HUM - Humana: Upgrade To Buy

2023-10-06 11:23:49 ET

Summary

  • Humana has generated positive earnings over the last 6 to 7 years, even during the COVID-19 period.
  • The balance sheet is strong with low debt levels, and the company is strongly cash flow positive.
  • Based on analysts' consensus estimates and conservative multiples, share price growth can be expected to result in solid returns, buying and holding through the end of 2025.

Humana: Investment Thesis

Since my August 2021 article, " Humana: A Strong Buy The Dip ", the share price is up 18.64% with total return 20.49%. By December 2021, the Humana Inc. ( HUM ) share price had increased by 13.9% from its August level of $412.61 to $469.41, an annualized return of over 40%. I then published a further article on December 30, 2021, " Humana: Share Price Growth Likely to Slow ". And the share price growth has slowed, with total growth of just 4.17% from $469.41 at end of 2021 to the present $488.98, although the share price has been much higher in the intervening period. In fact, the share price reached a high for 2022 of $571.30 and a high for 2023 of $541.21. At the same time, the low for 2022 was $363.73, and for year to date 2023, $435.00, so the share price has shown a fair degree of volatility. Time to take another look at Humana to see if now might be an opportune time to buy. Based on analysts' consensus EPS estimates, it is reasonable to expect double digit returns, buying at the current stock price and holding through the end of 2025. Humana is upgraded from Hold to Buy. A more detailed financial analysis in support of the Buy rating follows.

Financial Analysis and Comment

Looking for market mispricing of stocks -

What I'm primarily looking for here are instances of market mispricing of stocks due to distortions to many of the usual statistics used for screening stocks for buy/hold/sell decisions. I believe the answer is to compare projections, based on analysts' estimates out to the end of 2024 or later, to past performance. Summarized in Tables 1 and 2 below are the results of compiling and analyzing the data on this basis.

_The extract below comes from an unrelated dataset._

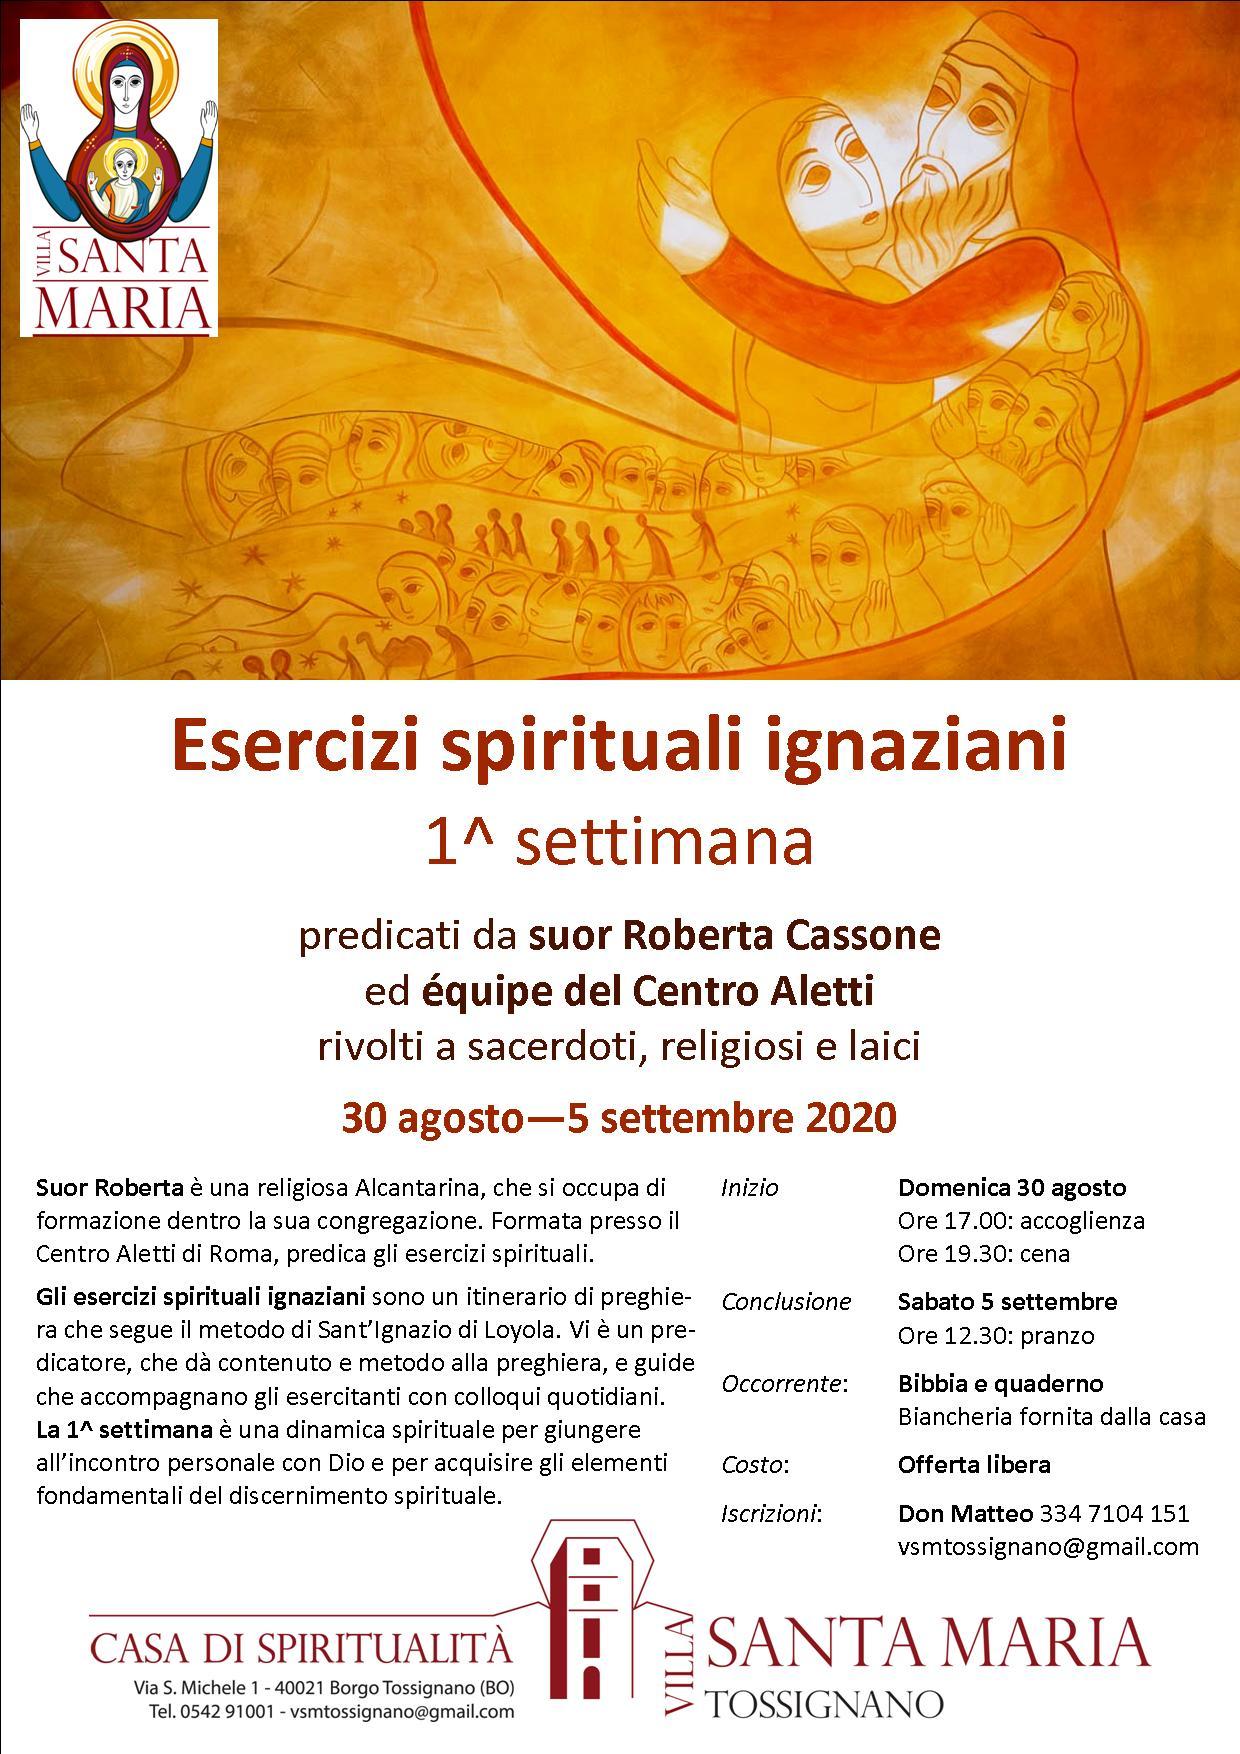 Esercizi spirituali ignaziani

Table 1 - Detailed Financial History And Projections

Seeking Alpha Premium

Table 1 documents historical data from 2016 to 2022, including share prices, P/E ratios, EPS and DPS, and EPS and DPS growth rates. The table also includes estimates out to 2026 for share prices, P/E ratios, EPS and DPS, and EPS and DPS growth rates. (Note - while estimates are shown for analysts' EPS estimates out to 2023 to 2026 where available, estimates do tend to become less reliable, the further out the estimates go. These estimates are only considered sufficiently reliable if there are at least three analysts' contributing estimates for the year in question). Table 1 allows modeling for target total rates of return. In the case shown above, the target set for total rate of return is 7.5% per year through the end of 2025 (see line 12), based on buying at the Oct. 5, 2023, closing share price level. As noted above, estimates become less reliable in the later years. I have decided to input a target return based on the 2025 year, which has EPS estimates from fourteen analysts, because it allows for the impact of the projected EPS growth rates to be taken into account in the assessment of the value of Humana shares. The table shows to achieve the 7.5% return, the required average yearly share price growth rate from Oct 5, 2023 through Dec. 31, 2025, is 6.67% (line 49). Dividends and dividend growth account for the balance of the target 7.5% total return.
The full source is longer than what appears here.